Document Type : research

Authors

1 Ph.D. Student, Department of Nano Biotechnology, Faculty of Life Science, Tarbiat Modares University, Tehran, Tehran

2 M.Sc. Graduate, Department of Biotechnology, Faculty of Agriculture, Shahed University of Tehran, Tehran

3 Assistant Professor, Biology Department, Faculty of Science, Islamic Azad University of Shiraz, Shiraz

4 Department of Agriculture, Payame Noor University, Tehran

Abstract

Myostatin gene belongs to the family of transforming growth factors (TGF-β), which in growth and development and maturation and specifically is expressed in adult skeletal muscle development.

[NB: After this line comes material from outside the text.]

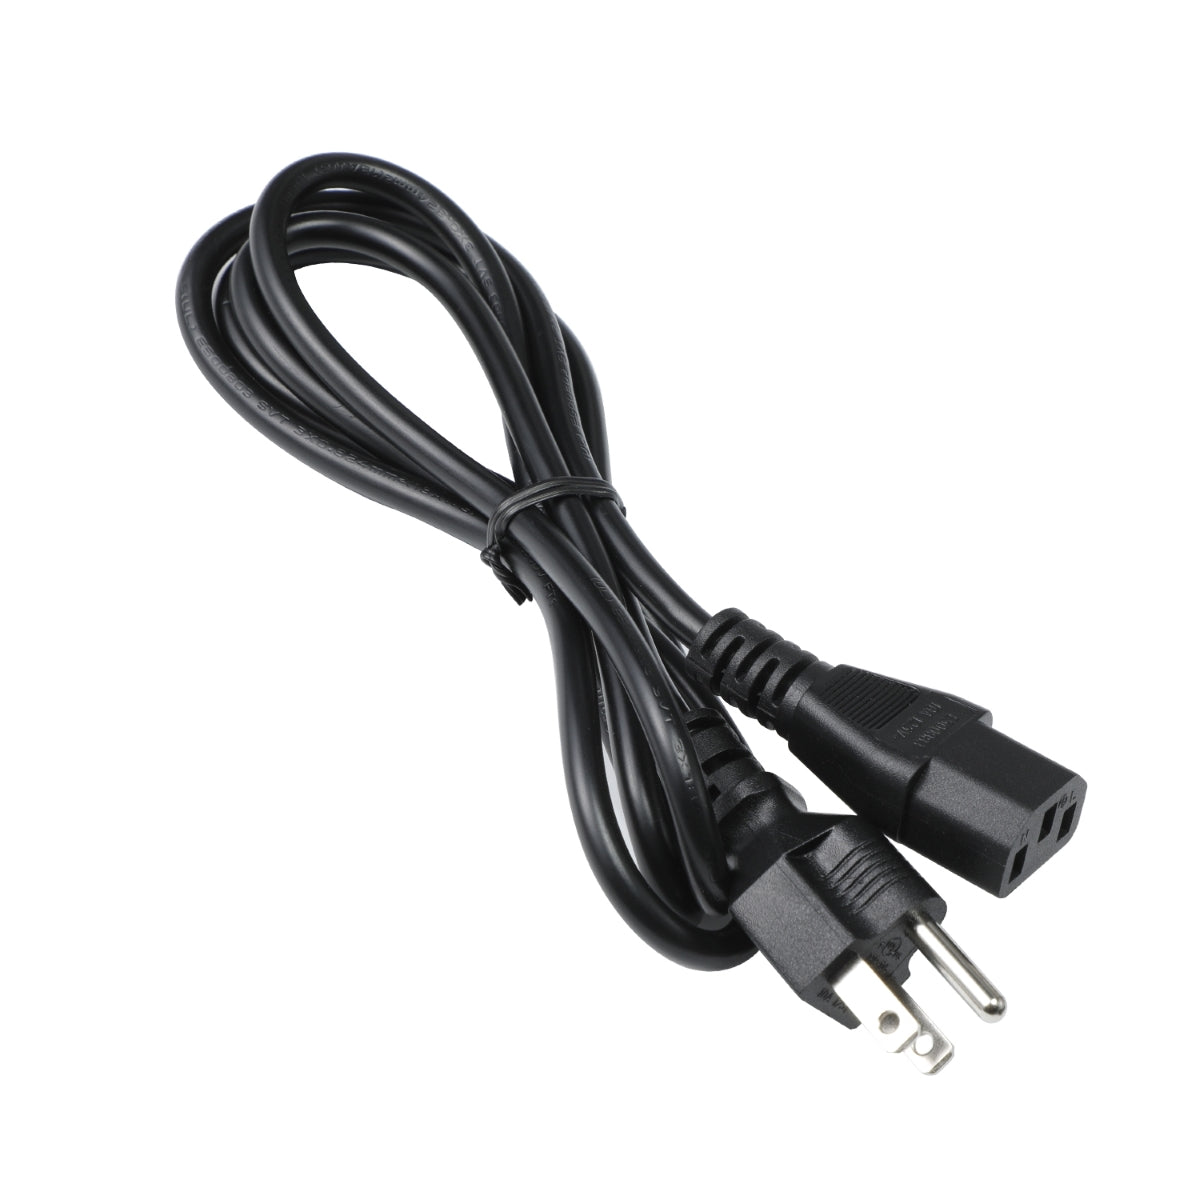 Power Cord for HP Pavilion Power 580-027c Computer.

In this study protein amino acid sequence of Myostatin in various species, including cow, sheep, goats, horses, pigs, chickens, turkeys, ducks, goose, Columba, rats, and humans was investigated using by Bioinformatics tools. In alignment of the final section of Myostatin protein (active form of Myostatin protein that is expressed as a dimer), high degree of conservation was observed, so that the changes fluctuation in this section than the other parts of protein sequence, the least amount possible. Secondary structures such as alpha helices, beta sheets and three-dimensional structure of Myostatin proteins using specialized sites Proteus and Phyre2 was assessed. Amino acids leucine, lysine, isoleucine and glutamic acid in cow, sheep and goat showed the same frequency as compared with poultry, such as chicken, lots more. However, the frequency of the amino acid sequence of the protein myostatin in humans and pigs was moderate. Study of phylogenetic tree showed that difference between amino acid sequences among mentioned Myostatin species lead exposure in a group of birds was isolated from mammals. Investigation of 3-D structure showed that this gene is highly conserved across species.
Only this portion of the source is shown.